Significant contributing factors to her death were chronic alcoholism and alcohol associated cirrhosis.

  1. Toxicological analysis by the forensic scientist, Neil McLachlan-Troup, determined a highly elevated alcohol concentration and a greater than therapeutic concentration of guaiphenesin in TS’ blood. The alcohol concentration was .230 g of alcohol in 100 mL of blood which is a high reading at just over 4 ½ times the statutory limit for drinkdriving offences. At .05 grams of alcohol in 100 mL of blood it has been scientifically established that impairment of a driver’s vision, perception, judgement, co-ordination and reaction time commences. At higher concentrations there is a loss of critical judgement, incoordination, reduced perception and awareness, impaired balance, a decrease in activity including sedation and sleep, nausea and vomiting, reduced responsiveness and decreased intellectual performance.

28. I accept the opinions set out in paragraphs 25 through to 27.

Comments and Recommendations

  1. Given Dr Ritchey’s opinion and TS’ medical history which is set out above I am satisfied the TS fell backwards from a standing position and suffered a head injury prior to her death. Because the fall was unwitnessed it is not possible to say with any precision when the fall occurred but it is likely it occurred sometime after she spoke to her brother, JC, on her return home on the evening of the 26 April 2019. Whether this meeting between the 2 of them occurred prior to TS visiting her mother at 11.00pm or after that time cannot be, due to the state of the evidence, positively determined. The fall has however occurred prior to her retiring to bed. Further, DN says she noticed a shawl, she had placed around her daughter’s shoulders that evening

in the lounge room, was lying on the floor outside her bedroom. She noticed the shawl because she “tripped on it myself.” Again whether this was the cause of any fall cannot be determined. There are a number of potential causes for the fall including of course the high concentration of alcohol in TS’ blood.

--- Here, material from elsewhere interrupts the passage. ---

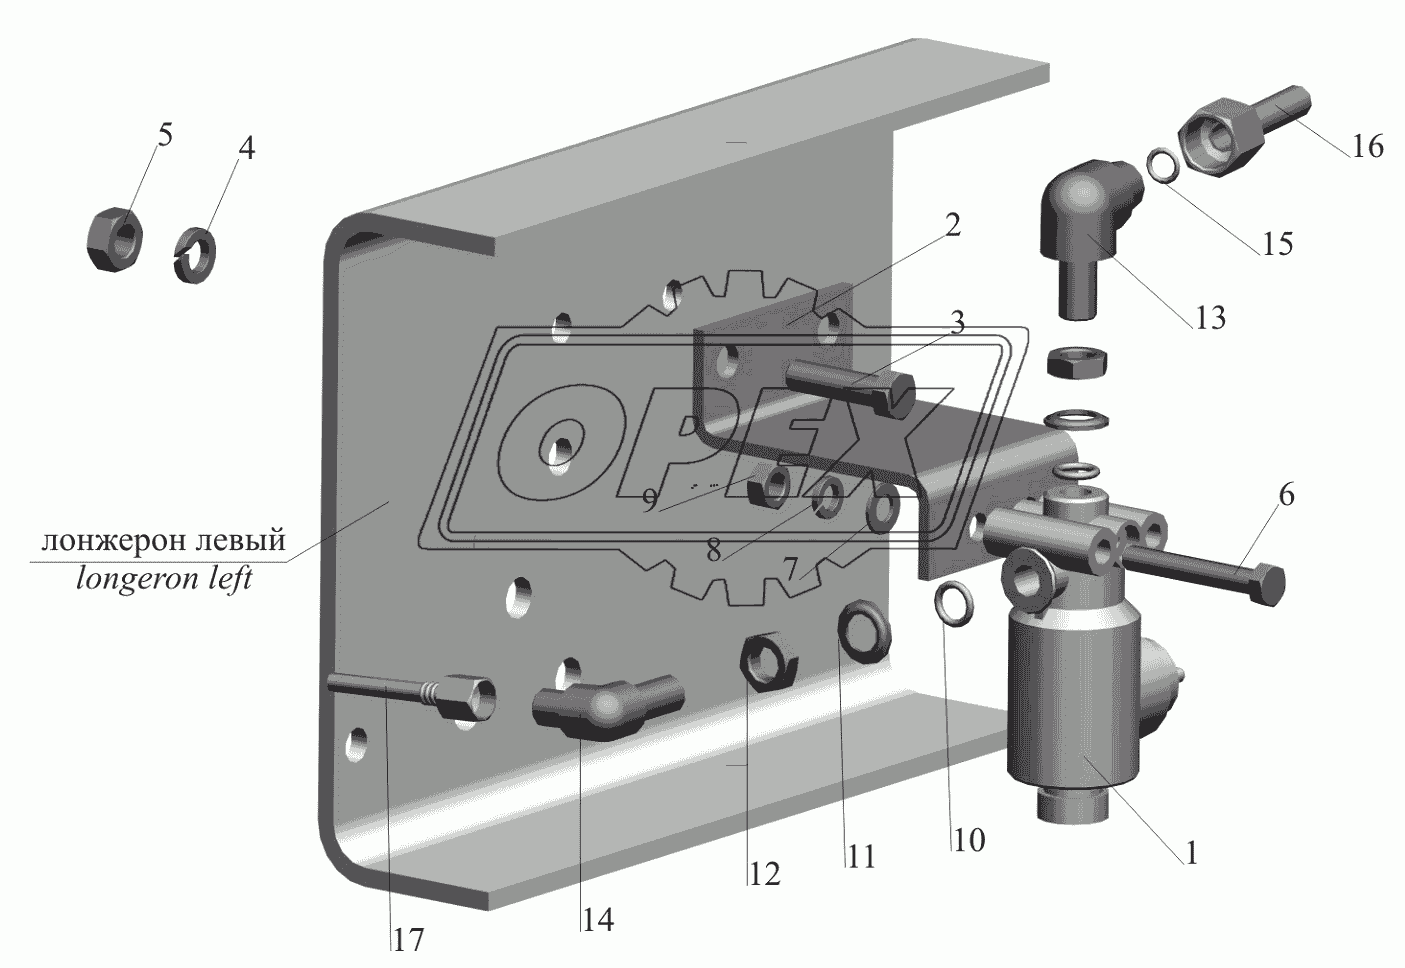 Установка тормозного клапана ASR и присоединительной арматуры

  1. The circumstances of TS’ death are not such as to require me to make any comments or recommendations pursuant to Section 28 of the Coroners Act 1995.

  2. I extend my appreciation to investigating officer Constable Matthew Reardon for his thorough investigation and report.

32. I convey my sincere condolences to the family and loved ones of TS.

Dated: 27 May 2022 at Hobart Coroners Court in the State of Tasmania.